The Unravelling of Form: The Viaduct Project, 1995, Annandale Park, Glebe. Curated by Barbara Halnan and Rose Ann McGreevy.
Unravelling production is in itself a type of reproduction. The creation of a space from which it becomes possible to examine the infrastructure and material logic of the process of reason. This essay is best read as a manual which retrospectively examines the work of eight separate exhibitions covering a period of as many years. The arrangement of images in this catalogue is neither chronological or formal and suggests a larger practice rather than an isolated series of exhibitions. For a clear discussion of what would otherwise appear formless this discussion divides these image into four areas of production, reason, time and materials.

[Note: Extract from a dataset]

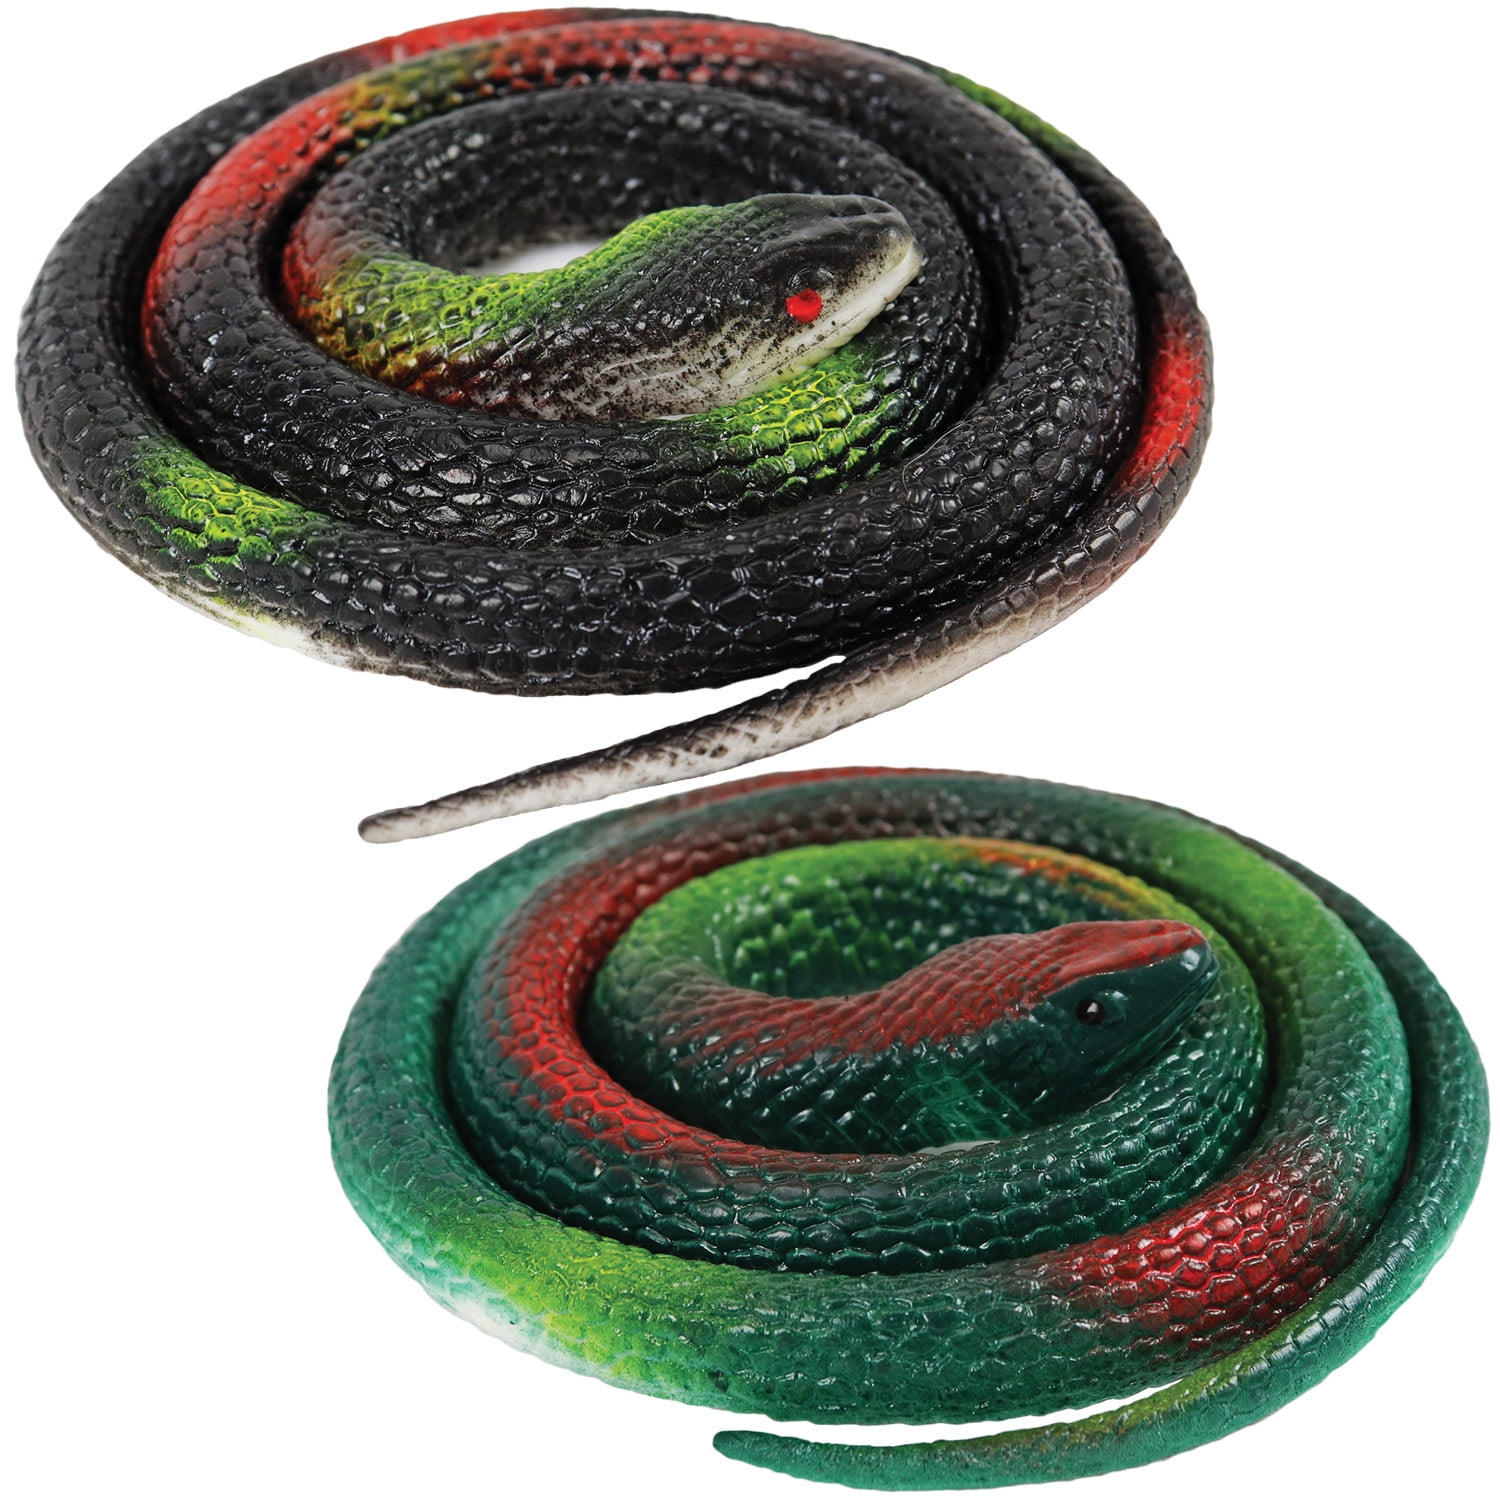 Rhode Island Novelty 24 Green Garden Snakes Great to Keep Birds Away Rubber Toy 
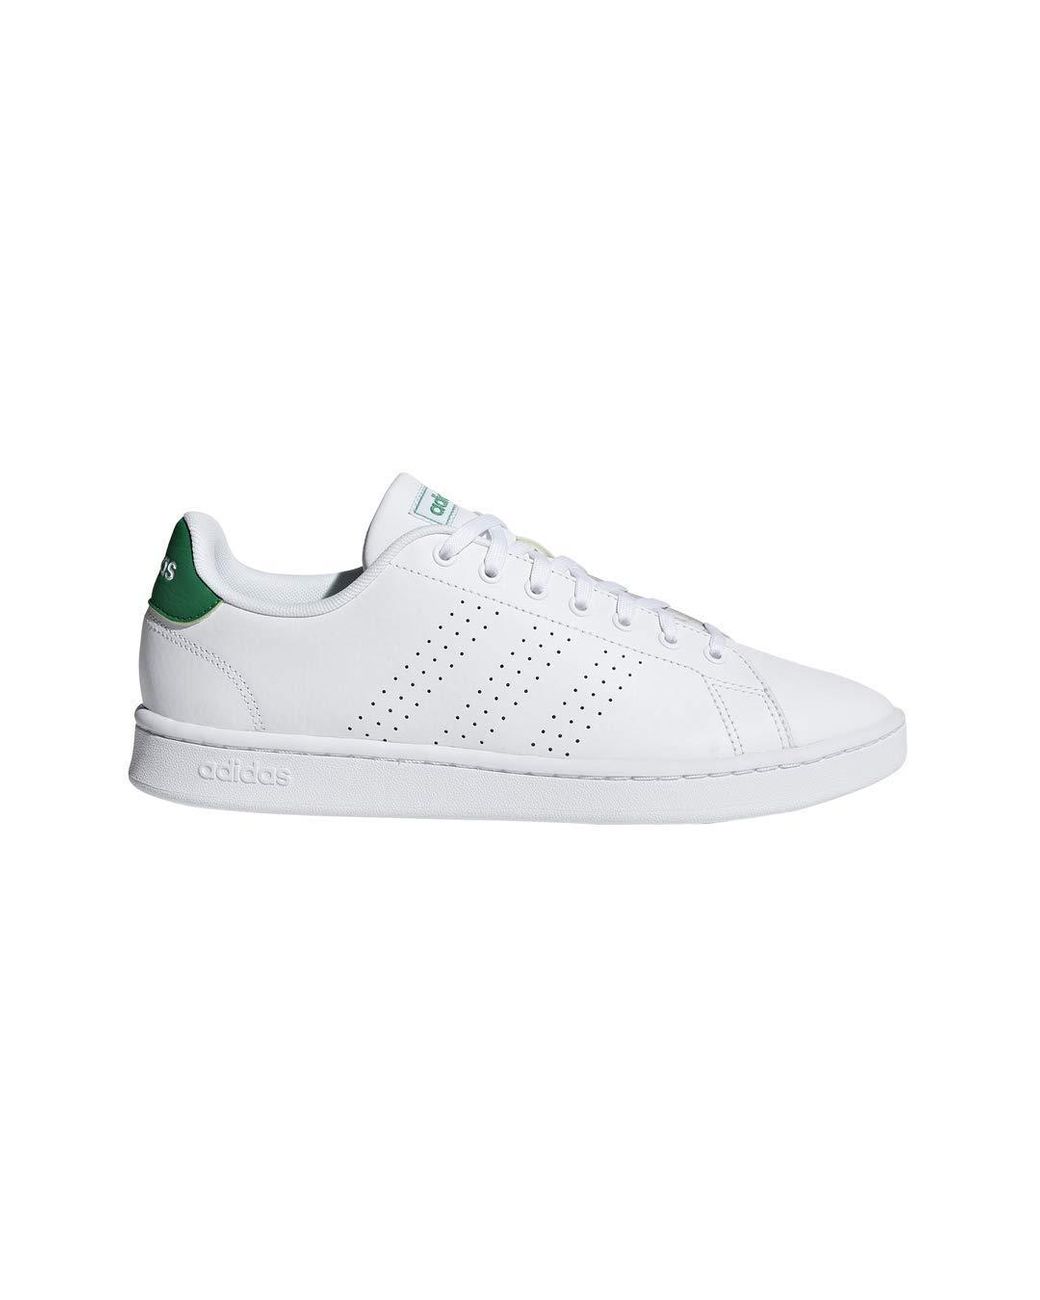 adidas Leather Advantage in White/White/Green (White) for Men - Lyst

Works such as “The Unravelling of Form“, “The Destiny of Objects“, and “Disintoxication” present an “off the rectangle” assault on the history and ideology of rectilinear thinking. These exhibitions are characterised by their wildly frozen ejaculations of wool and unrelated accumulations of objects. Out of this discord a dialogue results which stands in opposition to a productivist mechanism of symbolic exchange. The use of both altered and unaltered ready made products such as clothes, toys, food, cooking utensils, glassware and a wide range of manufactured goods enables Liz Day to sabotage the destiny of these materials. One outcome of this disorderly arrangement is to recognise the gap that separate public and private spaces. These works don’t simply recycle commodities as objects but through a process of both physical and ideological destruction unravel the codes of commodification.
Excerpt from Christine Dean, Unravelling Production, 1996, in “The Offcuts of Reason: Works by Elizabeth Day”, catalogue, 1997.